Dataset
====
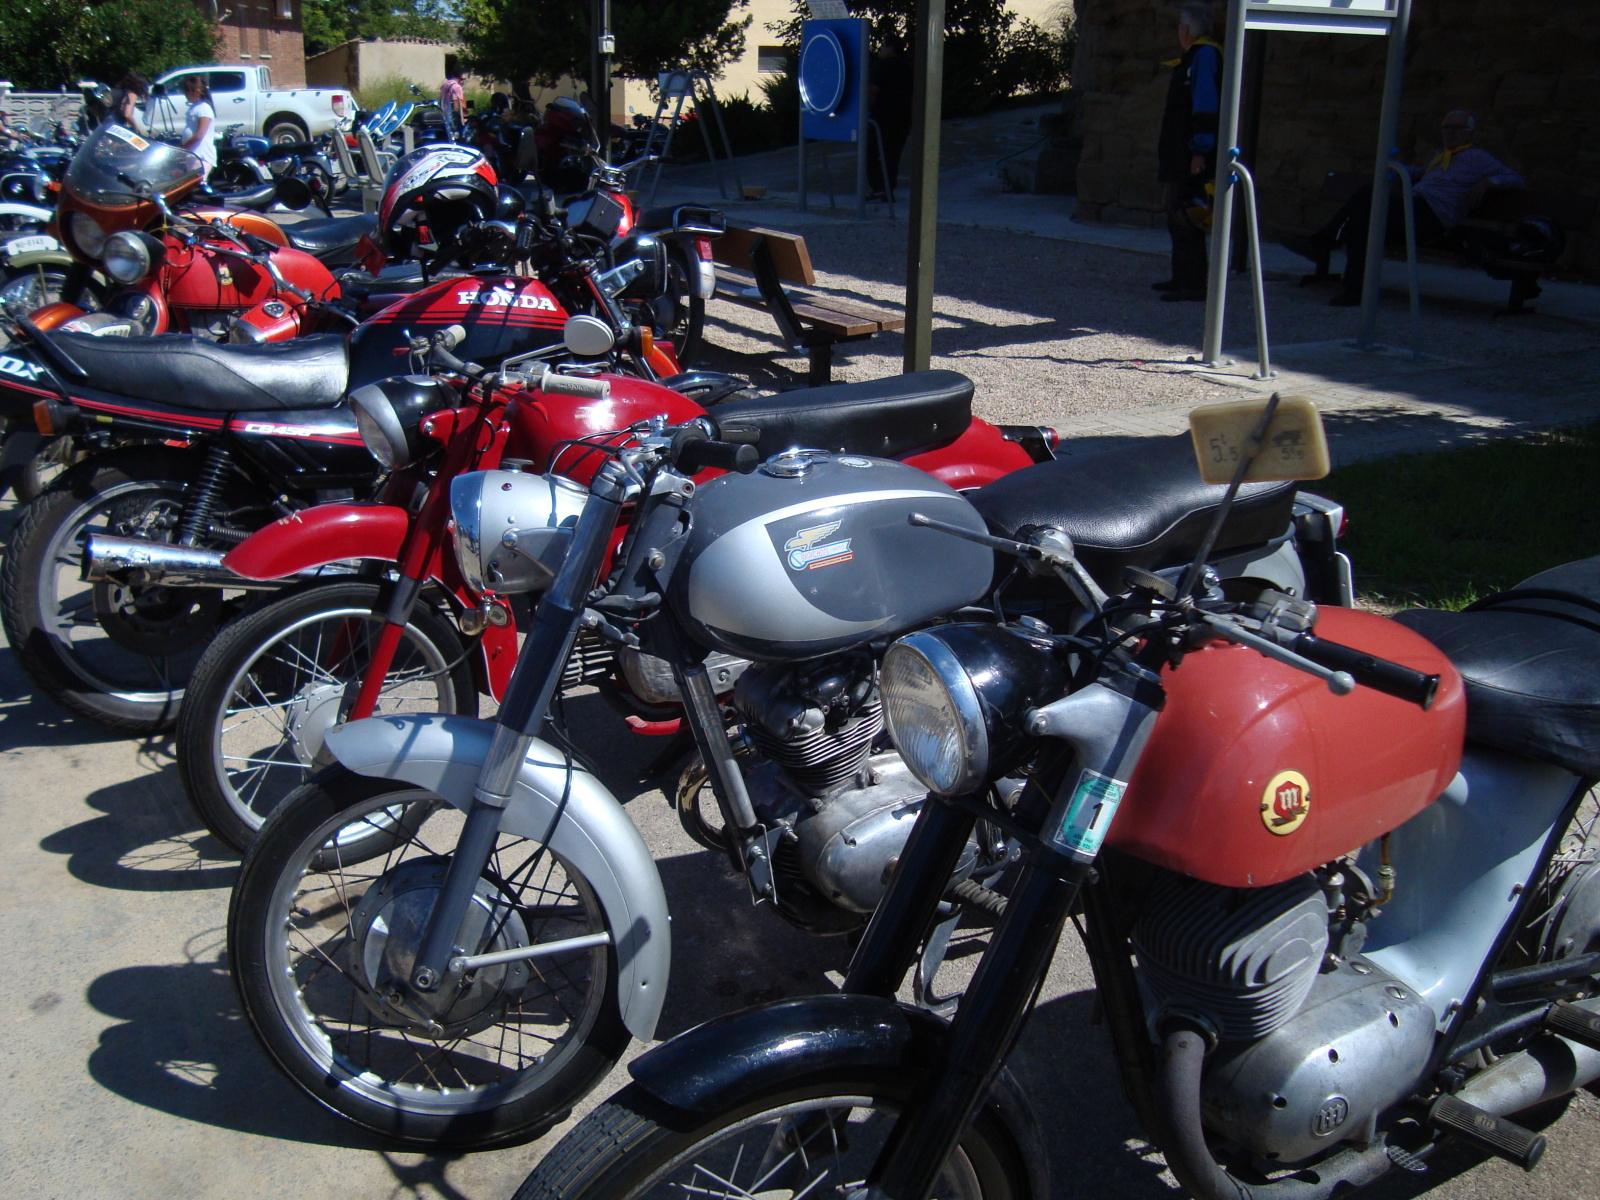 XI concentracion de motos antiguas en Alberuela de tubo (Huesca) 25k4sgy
====
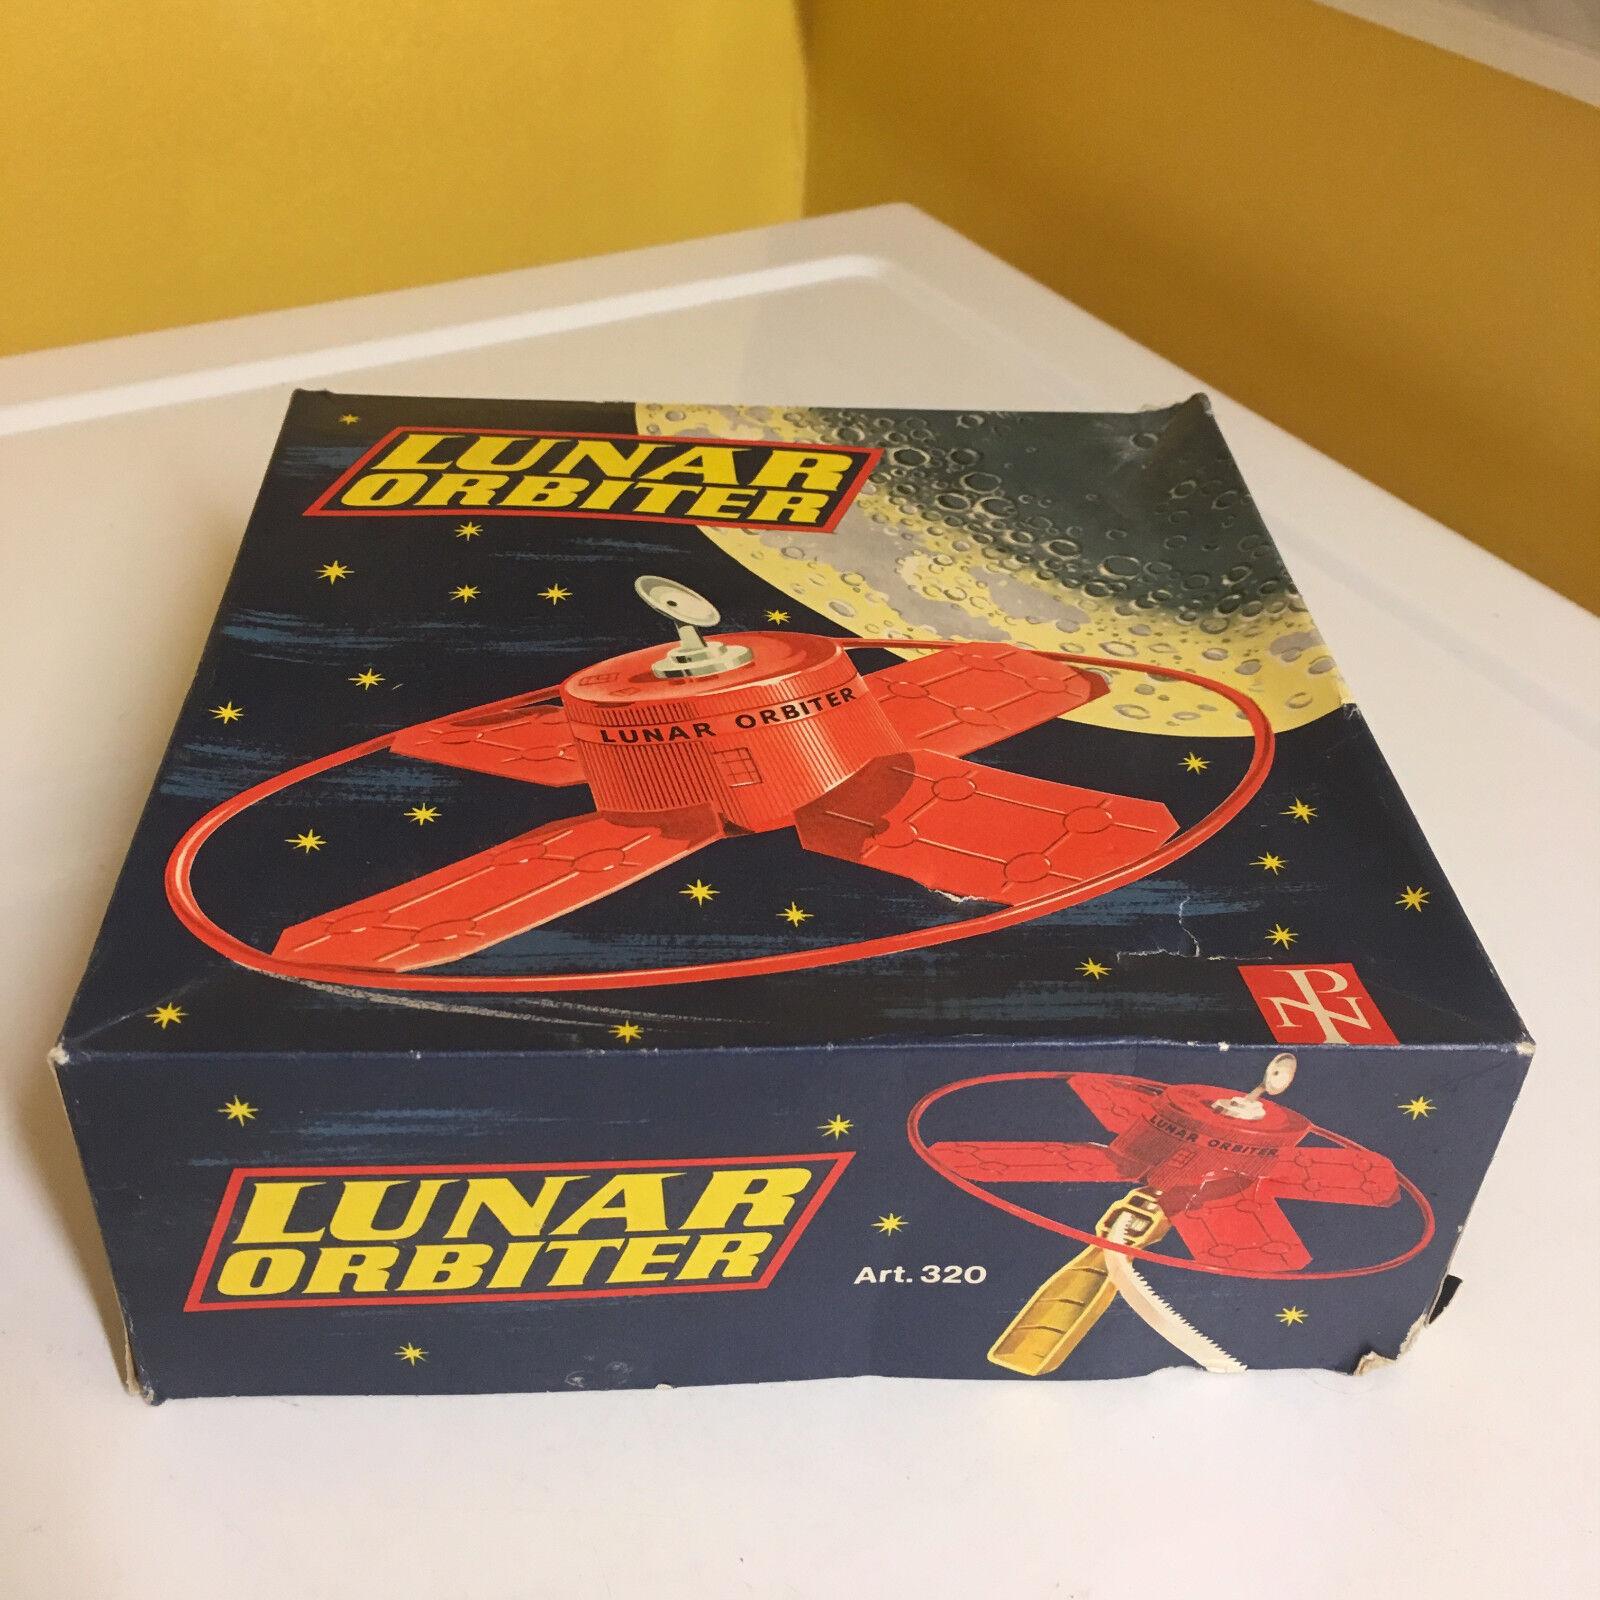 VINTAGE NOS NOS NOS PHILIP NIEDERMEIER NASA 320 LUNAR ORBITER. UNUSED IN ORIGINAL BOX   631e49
====
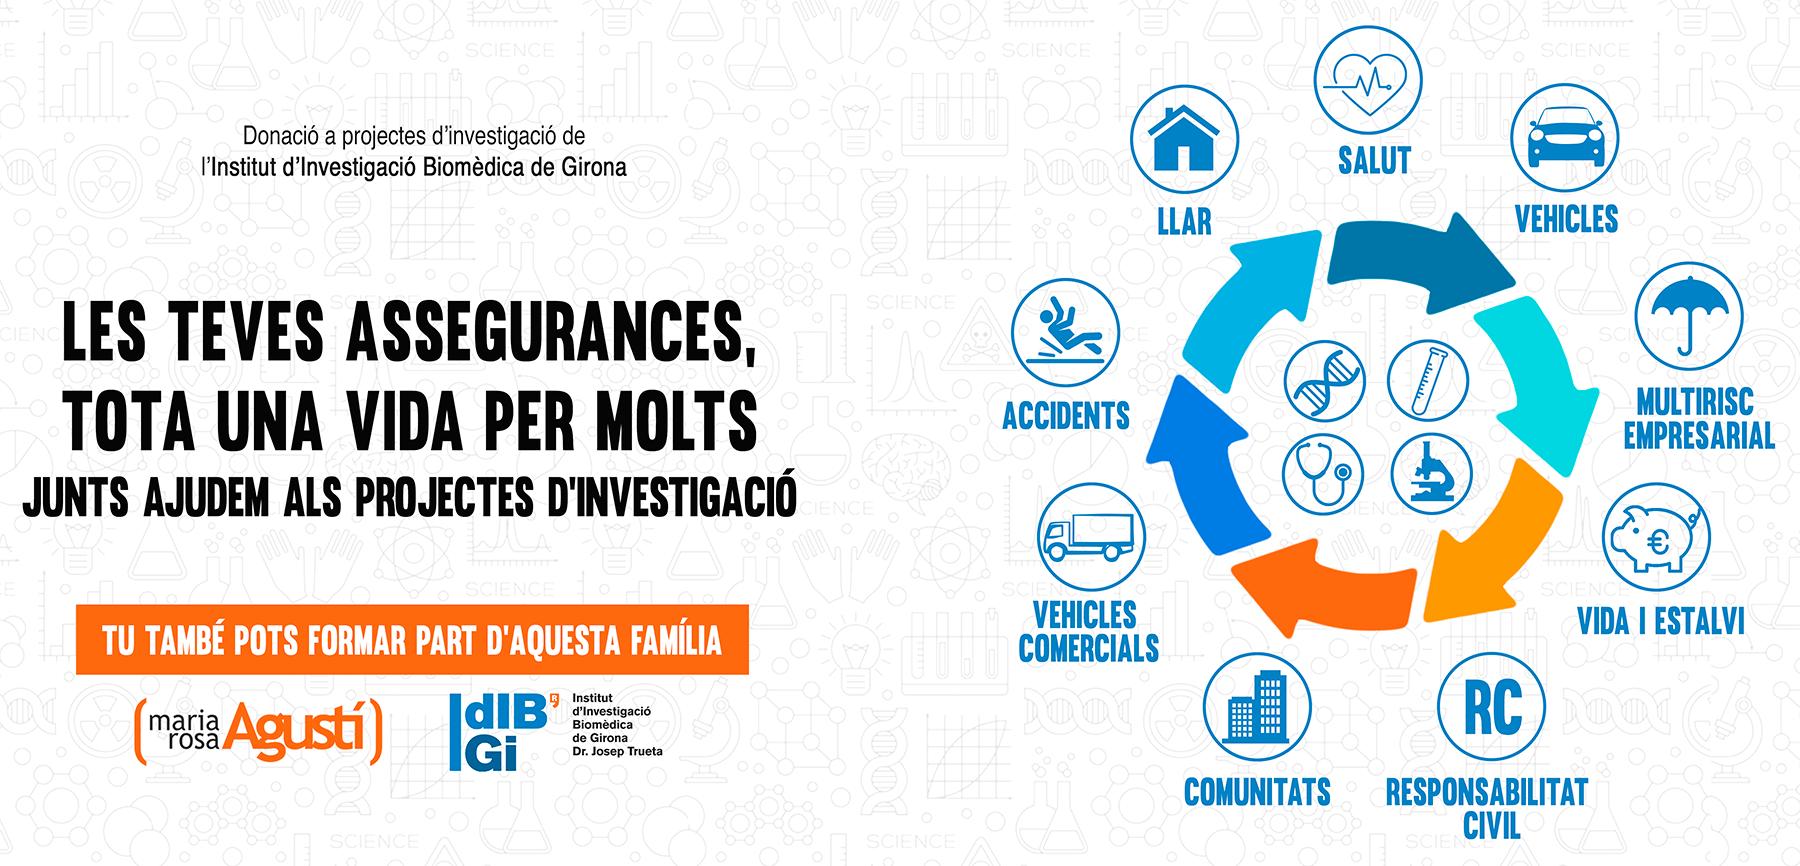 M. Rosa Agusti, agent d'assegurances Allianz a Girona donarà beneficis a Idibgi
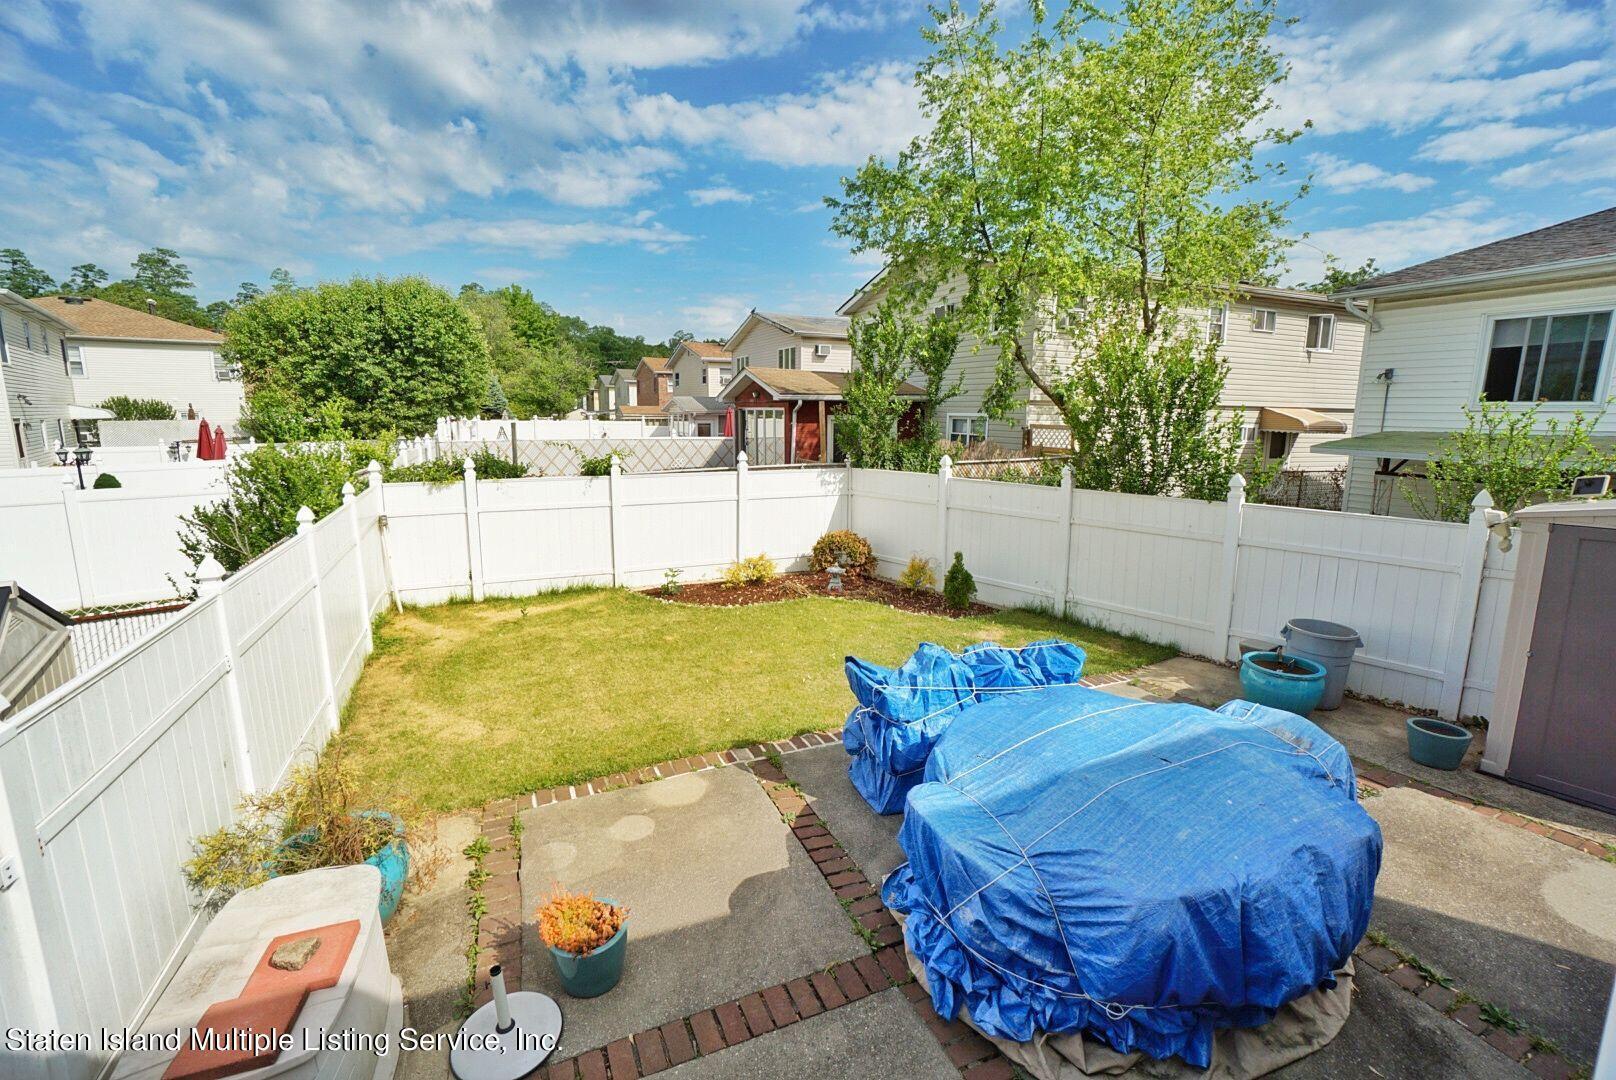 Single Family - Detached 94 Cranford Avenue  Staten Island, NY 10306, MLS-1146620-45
====
With the pictures removed from your copy, retype the lines above from the one that contains "M. Rosa Agusti, agent" through the one that contains "Single Family - Detached", exactly.

 M. Rosa Agusti, agent d'assegurances Allianz a Girona donarà beneficis a Idibgi
 Single Family - Detached 94 Cranford Avenue  Staten Island, NY 10306, MLS-1146620-45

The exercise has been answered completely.